The Story of the Love Life of the Sideshow:
  • SEE -  Can a full grown woman truly love a midget?
  • SEE - What sex is the half man half woman?
  • SEE - Do Siamese twins make love?
Louelle Parsons says, "For pure sensationalism, FREAKS tops any picture yet produced. It's more fantastic and grotesque than any shocker every written."

I Believe He Meant Well

I had known about Freaks (1932) for years before getting up the nerve to see it. My concern had been that it would be exploitative and cringe-worthy, like race pictures of the day, and it was hard to get in the mood. Because it was mostly shown as a horror/camp classic, the posters and stills didn't do much to dispel that notion: 
Picture
Doesn't that guy in the upper right look like Hitler?
Picture
The model still: they're all kind of sweet and smiling. Nice job, Art Department.
The thing that finally made me do it was Katherine Dunn's excellent book, Geek Love, which came out in the late 80s when there was still a happy abundance of rep theaters in the Bay Area and you could be pretty sure to catch Freaks on any given midnight at one of them. So I finally saw the picture* with Dunn's circus novel fresh on my brain, and was very happy I did. Well, maybe not "happy." Positively surprised. 

And last night, for no particular reason, I watched it again after 25 years, wondering if I'd still feel the same way. Turns out Freaks is creepy and discomfiting (and not particularly well-acted) — but that's because it's set in a carnival and those are creepy and discomfiting. It's also a great story with zero ambiguity about who the bad guys are.

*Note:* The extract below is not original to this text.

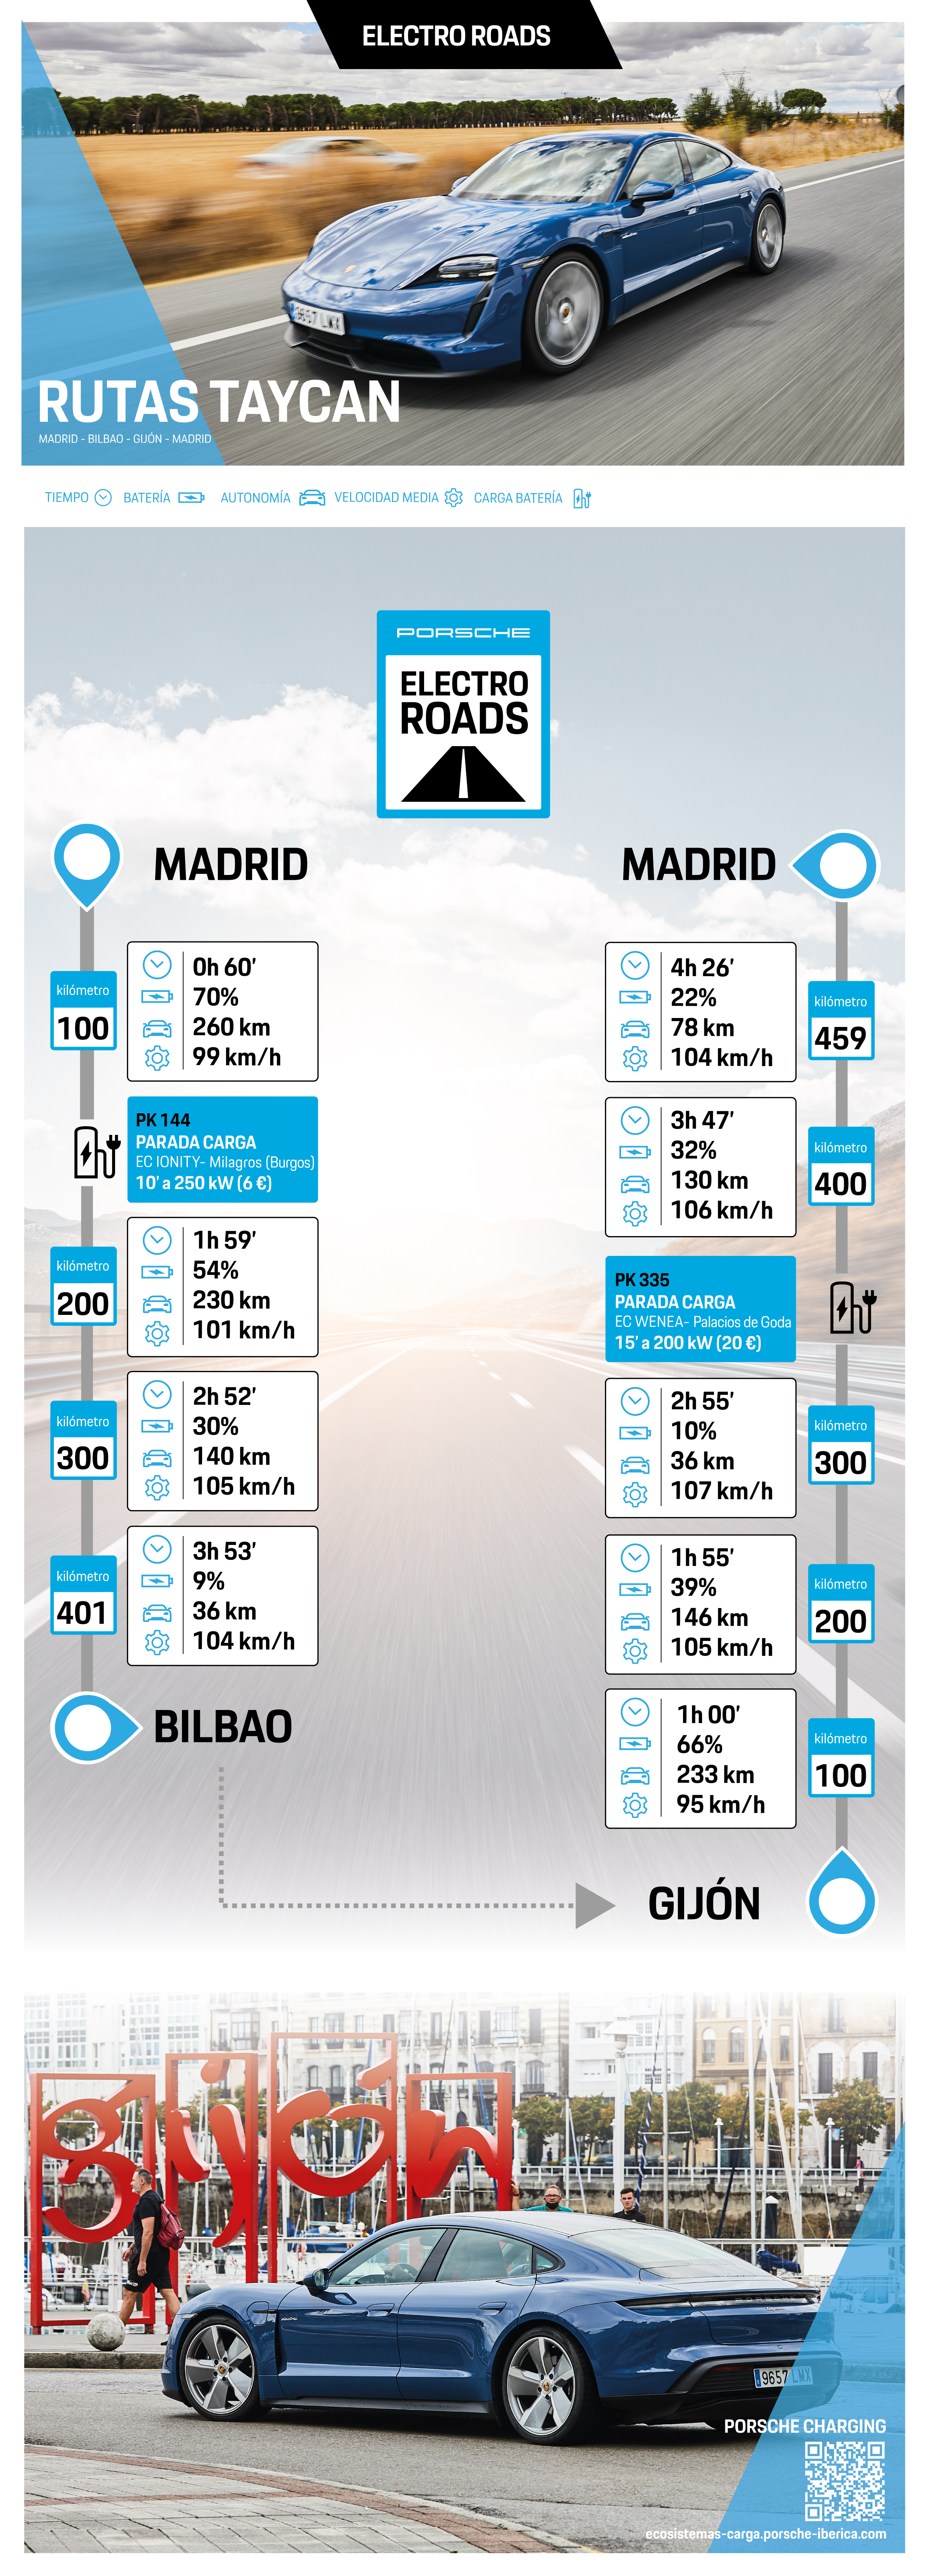 Infografía Rutas Taycan - Cantábrico, paradas de carga, 2021, Porsche Ibérica

It begins with Hans and Frieda, the show's little people (played by real-life Ringling Bros. brother-and-sister team, Harry and Grace Earles), a nice young couple who are about to be married. They are watching the hot new new trapeze artist, Cleopatra (Olga Baclanova), a big, blonde meanie. Hans is instantly smitten and starts to distance himself from Frieda. Cleopatra thinks it's amusing to flirt with the lovesick dwarf, because she's mean and he gives her presents and cash. Her real love interest is the strongman, Hercules (Henry Victor), a big thuggy jackass who recently broke up with the animal trainer, Venus (the underrated Leila Hyams), a really nice girl who could do much, much better.

Venus is pals with poor, heartbroken Frieda and a friendly clown called Phroso (Wally Ford). She hates to see Frieda so unhappy and confronts Cleopatra to tell her to lay off Hans, but in the process lets slip that Hans is actually quite wealthy. This gives Cleopatra big Scrooge McDuck dollar signs in the eyes and she decides to go all in, so when Hans inevitably proposes to her, she accepts.

The whole circus throws Cleopatra and Hans a wedding feast and all the freaks are assembled. The freaks in question were all working carnival performers that director Tod Browning pulled together for the film: "Half Boy" (Johnny Eck); conjoined twins, Daisy and Violet Hilton; Josephine-Joseph, the Half Man-Half Woman; and a host of others, including three microcephalic performers ("pinheads"), one of whom was Schlitzie, the inspiration for Bill Griffith's Zippy the Pinhead. Throughout the film, we get to see each of their specialties as they go about their daily lives: one of the twins is married, for instance, and the other gets engaged; the half man-half woman gives the brush to two roadies; the human torso rolls his own cigarettes. Yeah, it's sensational, but also kind of friendly.

At the wedding feast, the gang welcome the "normal" Cleopatra into their group, chanting "One of us! One of us!" as they all pass around and drink from a ginormous goblet of beer. The trapeze artist has been getting progressively hammered, pawing all over Hercules and laughing with him at Hans's expense. When the freaks' cup approaches her, she rejects it, horrified, and tosses it back at them. Hans is mortified and the group sheepishly disbands. Before retiring to their caravan, Cleopatra slips something into Hans's champagne, making him woozy, and she further humiliates him by carrying him on her shoulders like a child.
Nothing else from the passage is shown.